- Rank flag of a Thai Field Marshal
- Rank insignia of a Thai Field Marshal
- Country: Thailand
- Service branch: Royal Thai Army
- Rank group: General officer
- Rank: Five-star rank
- Formation: 1888
- Next higher rank: Head of the Armed Forces
- Next lower rank: General
- Equivalent ranks: Admiral of the Fleet (RTN); Marshal of the Air Force (RTAF);

= Field marshal (Thailand) =

Military rank in the Royal Thai Army

The Thai rank of Field Marshal (จอมพล) is the most senior rank of the Royal Thai Army.

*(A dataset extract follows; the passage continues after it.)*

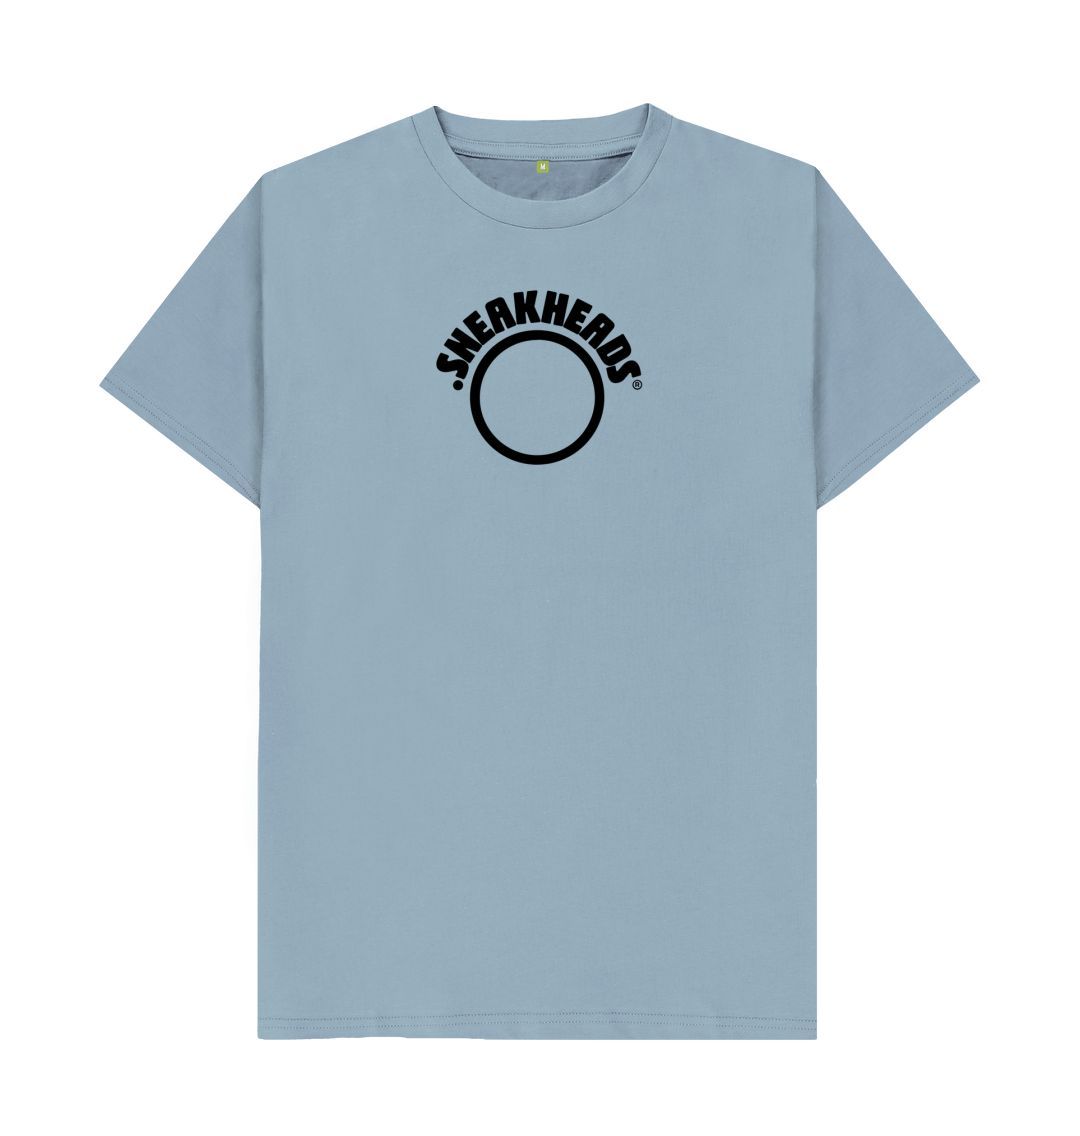 Stone Blue SneakHeads\u00ae Teemill t-shirt \u2013 large black logo
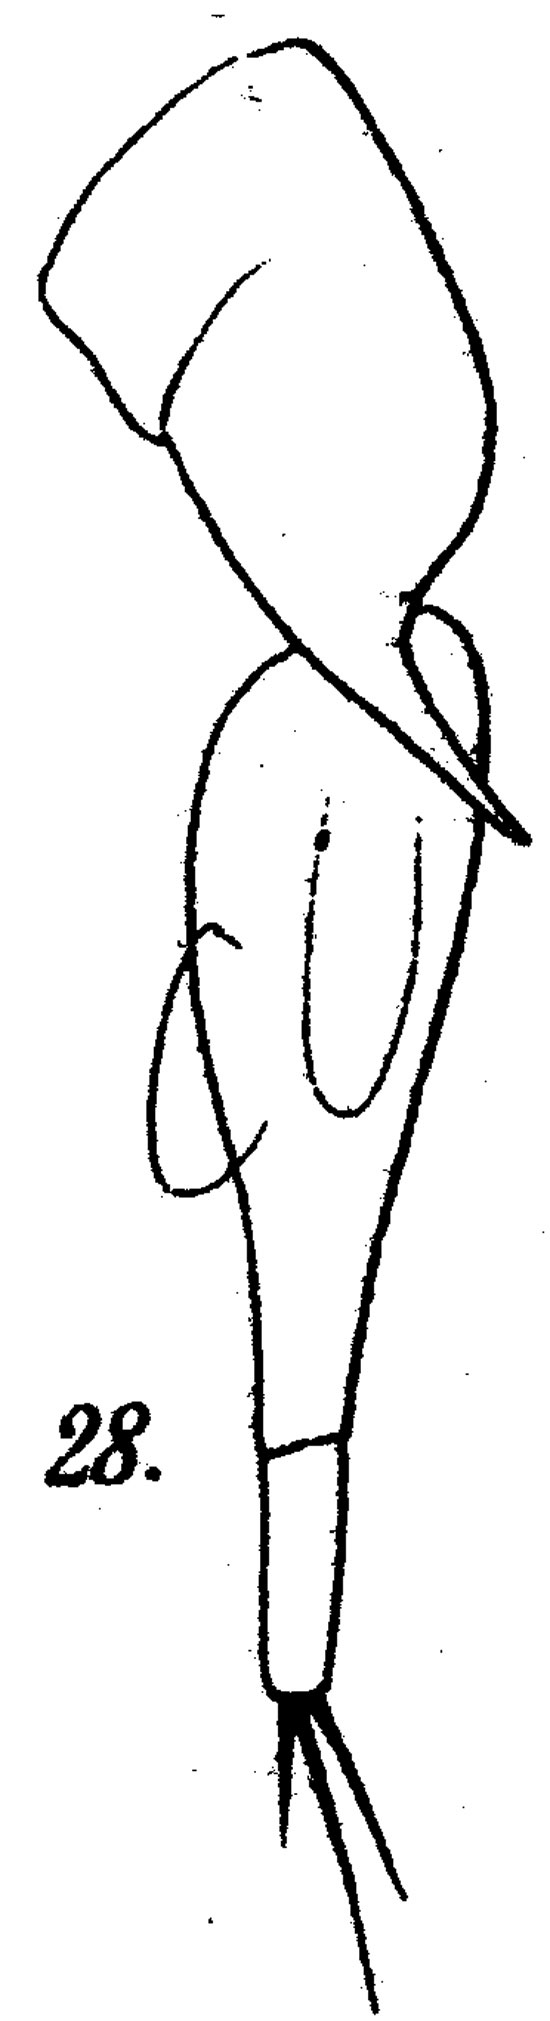 Espce Farranula curta - Planche 5 de figures morphologiques

The rank was formally created in 1888 together with all other ranks of the military by King Chulalongkorn (Rama V), who wanted to modernize his armed forces along Western lines. There have been 13 appointments to this rank. The rank has not been awarded since 1992 and its abolition has been proposed by the Thai government in 2018. Plaek Phibunsongkhram was the first commoner to hold this rank.

The Royal Thai Navy equivalent is known as Chom Phon Ruea ('Admiral of the Fleet') and Chom Phon Akat ('Marshal of the Royal Thai Air Force') for the Royal Thai Air Force.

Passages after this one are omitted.